Patient and observation
A 67-year old male previously healthy was admitted in January 2018 to our hospital with fatigue, dyspnea on effort and multiple bone pains. The physical examination was unremarkable except for pallor and mild splenomegaly. Initial laboratory investigations showed macrocytic anemia with a hemoglobin of 9.9 g/dl, white blood cell count of 19.4x103/μl and platelet count was 77x103/μl. Erythrocyte sedimentation rate (ESR) was 60 mm/hr. Electrolyte panel revealed hypercalcemia (10.8 mg/dl) (reference 8.5-10.6) in the setting of slightly elevated creatinine level (1.7 mg/dl). Liver enzymes and bilirubin were normal. Positron emission tomography (PET) imaging showed moderate in homogeneous increased bone marrow activity throughout the whole skeleton associated with multiple insufficiency fractures in multiple thoracolumbar vertebrae. Blood film revealed leucoerythroblastic anemia and leukocytosis with 35% circulating plasma cells in atypical and immature forms (Figure 1). Bone marrow aspirate showed hypercellular bone marrow due to infiltration by atypical plasma cells constituting 60-70% of bone marrow cells. Core bone marrow biopsy revealed a markedly increased plasma cell, constituting 85% of the marrow elements as evidenced by CD138 immunostaining and showed kappa light chain restriction and all bone marrow elements were quantitatively decreased. Further blood investigations revealed the following: serum protein electrophoresis was
normal with no evidence of monoclonal proteins, beta-2
microglobulin was within normal limits, albumin 3.37 gm/dl
(reference 3.5-6.0), total protein 5.22 g/dl (reference
4.05-8.0). Echocardiogram showed normal left venticular
systolic function and viral markers were negative. Based
on the clinical and laboratory findings, the patient was
diagnosed as having primary plasma cell leukemia.

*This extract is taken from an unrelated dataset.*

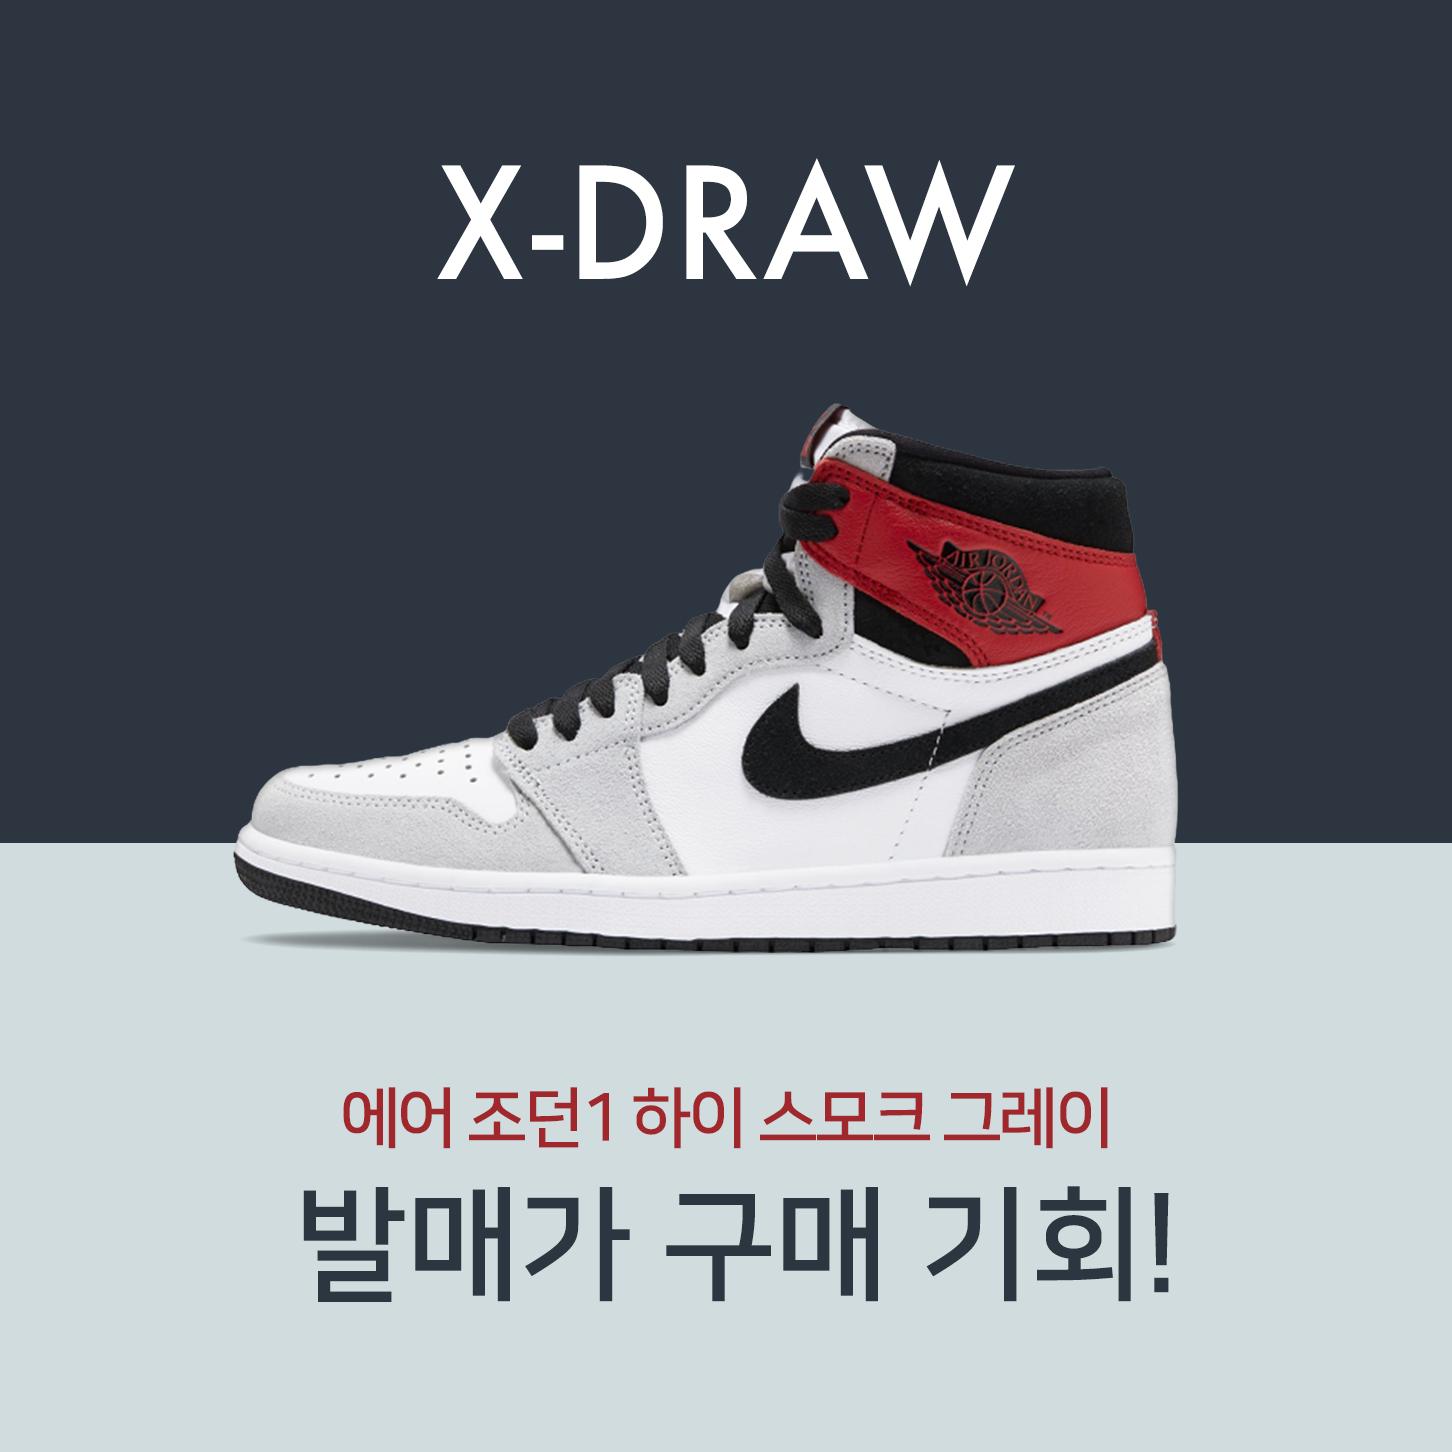 X- DRAW : Jordan 1 Retro High Smoke Grey

Supportive therapy was started immediately and consisted
of hydration, allopurinol, pamidronate, antimicrobial
prophylaxis, anti-viral medications, and prophylactic
anticoagulation. Induction chemotherapy with VAD
protocol: bortezomib 1.3 mg/m2 (days 1, 4, 8, and 11), doxorubicin 9 mg/m2 [4days 1 to 4], dexamethasone 20 mg (days 1, 4, 8, and 11) was initiated. The treatment was repeated every three weeks throughout six cycles. After the first cycle, the patient's general health and well-being dramatically improved with the gradual recovery of white blood cells, hemoglobin, platelets, and creatinine. The plasma cells in peripheral blood disappeared. He tolerated treatment well with minimal side effects. Evaluation after the third cycle in April 2018; blood film showed normochromic, normocytic red blood cells and no evidence of plasma cells. A repeated bone marrow aspirate and biopsy showed plasma cells constitute up to 5%-8% as evident by CD138. The patient had complete remission (CR) based on the International Myeloma Working Group (IMWG) criteria . After the fifth cycle, the patient was admitted with neutropenic fever and was treated with antibiotics and filgrastim, he was stabilized after a few days and was given the sixth cycle with a delay of one week. Re-evaluation after the sixth cycle in August 2018: blood morphology showed no evidence of plasma cells. Bone marrow assessment showed no morphologic or cytogenetic evidence of plasma cells. As he was non-transplant eligible, we maintained him on bortezomib dose of 1.3 mg/m2 (days 1, 8, 15, and 22) and dexamethasone 20 mg (days 1, 8, 15, and 2) of a 35-day cycle. In January 2019 he complained of peripheral neuropathy (grade 2, WHO classification), which is a well-documented side effect of bortezomib therapy. So, the frequency of bortezomib maintenance was decreased to 1.3 mg\m2 every 2 weeks and dexamethasone was stopped. Twenty-four months after the PCL diagnosis and at the time of preparing the article the patient remains in CR on maintenance bortezomib every 2 weeks.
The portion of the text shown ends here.